Task item
Starting at the line that contains "(2885) Ceramic Mug", reproduce only the lines through the end of the data, exactly, including both the first and the last; skip the pictures.

Information shown
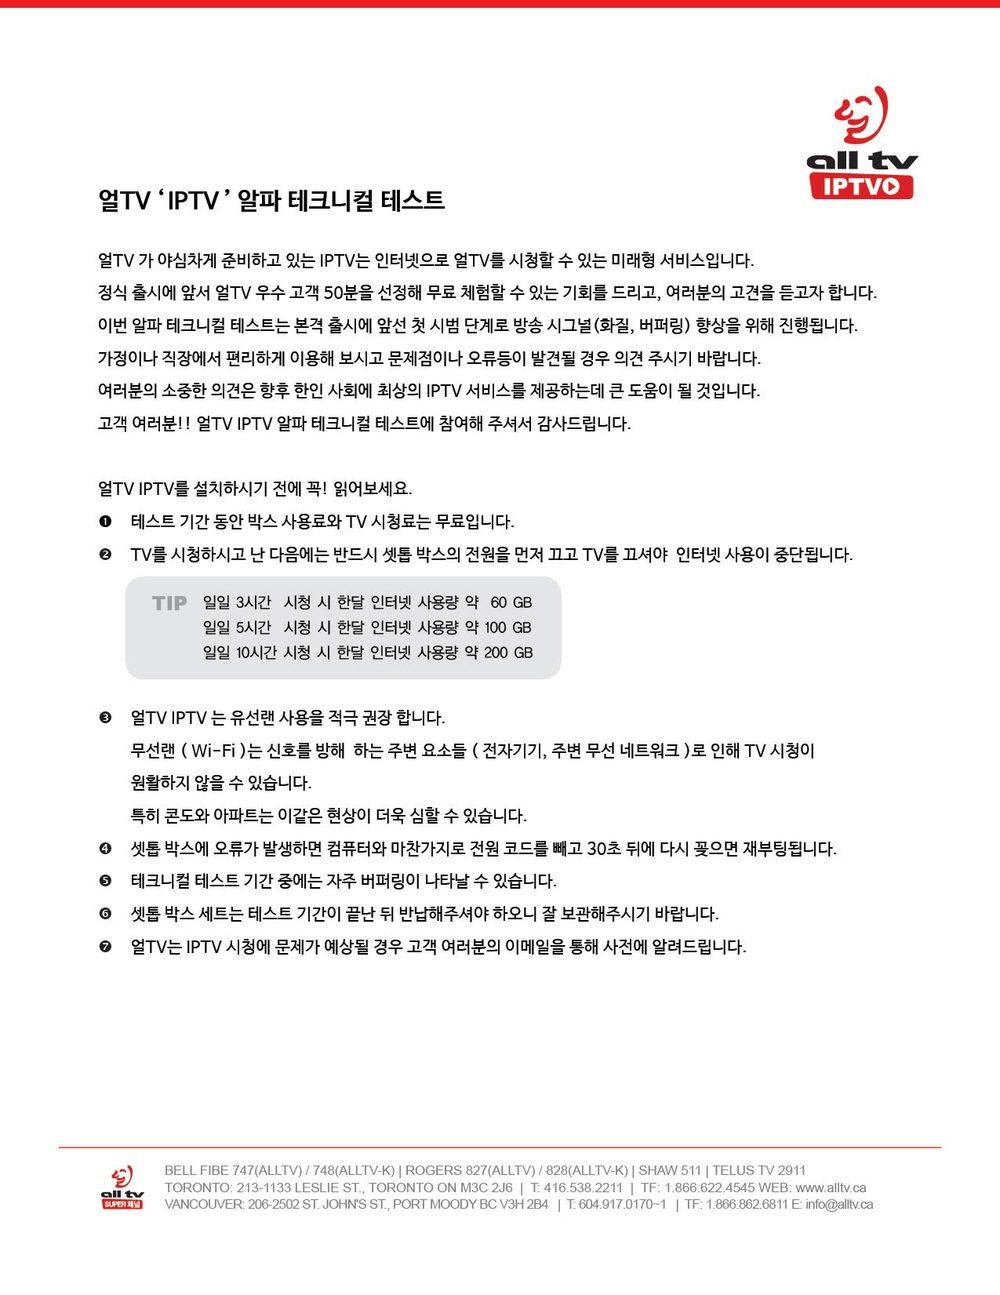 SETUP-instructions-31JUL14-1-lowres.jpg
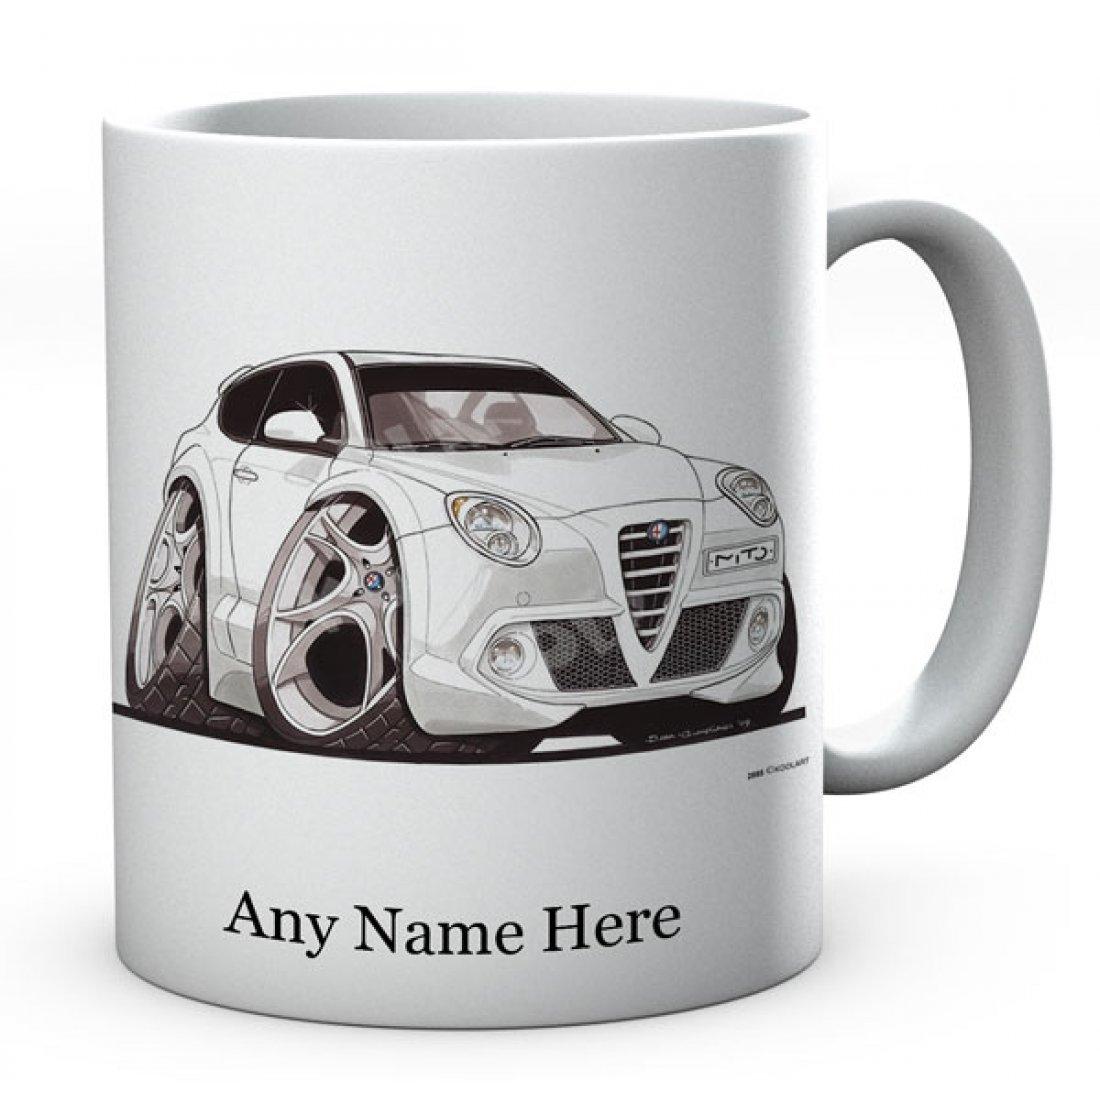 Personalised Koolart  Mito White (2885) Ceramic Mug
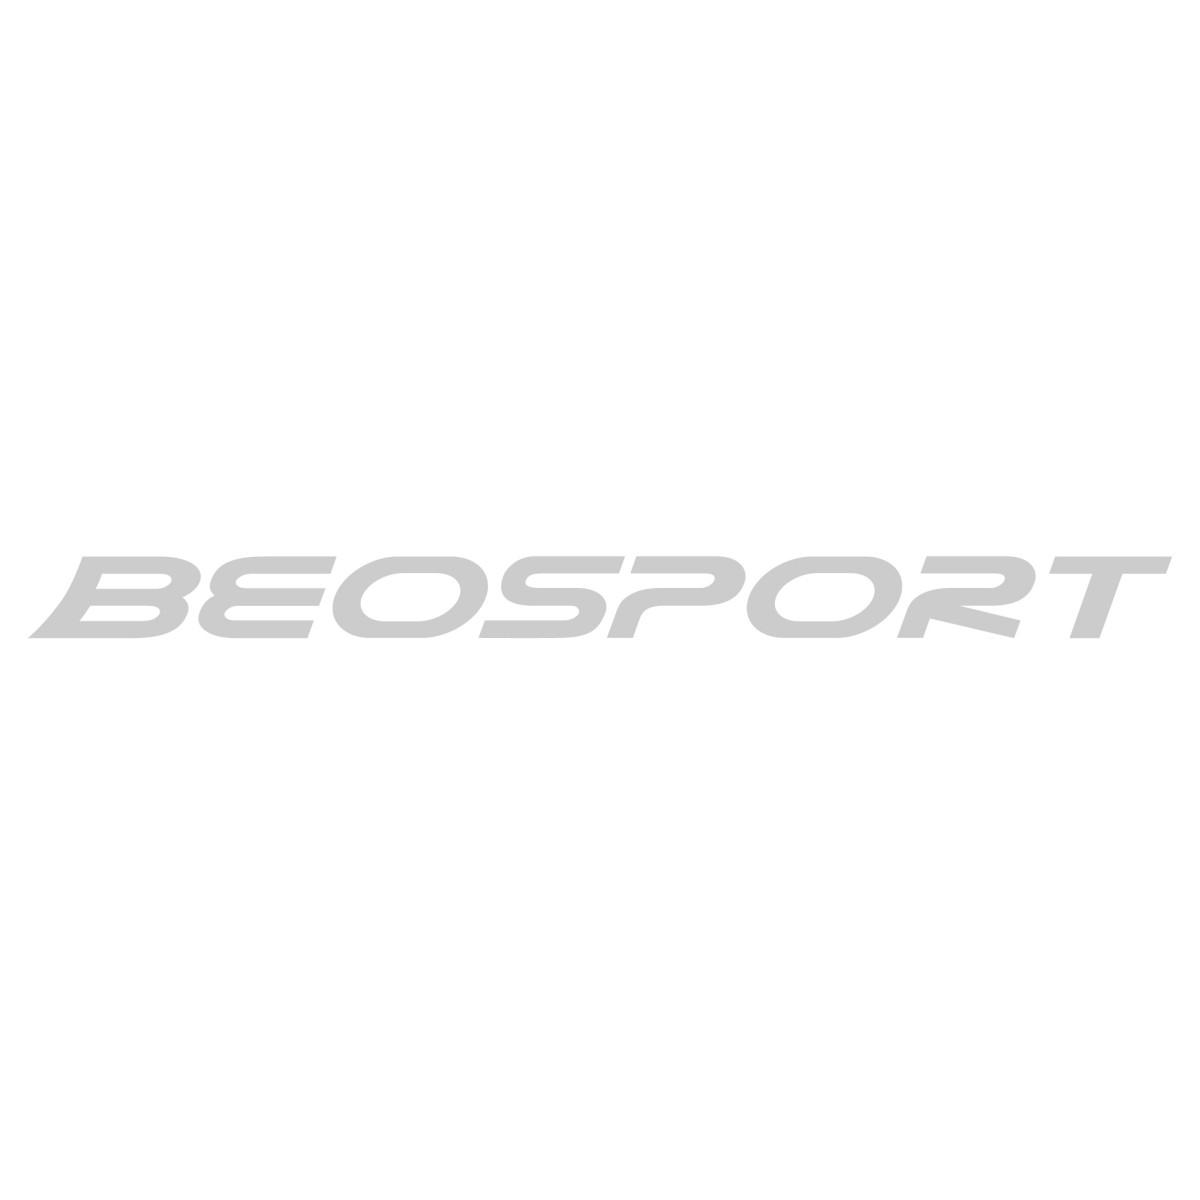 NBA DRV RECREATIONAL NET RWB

Problem solution
 Personalised Koolart  Mito White (2885) Ceramic Mug
 NBA DRV RECREATIONAL NET RWB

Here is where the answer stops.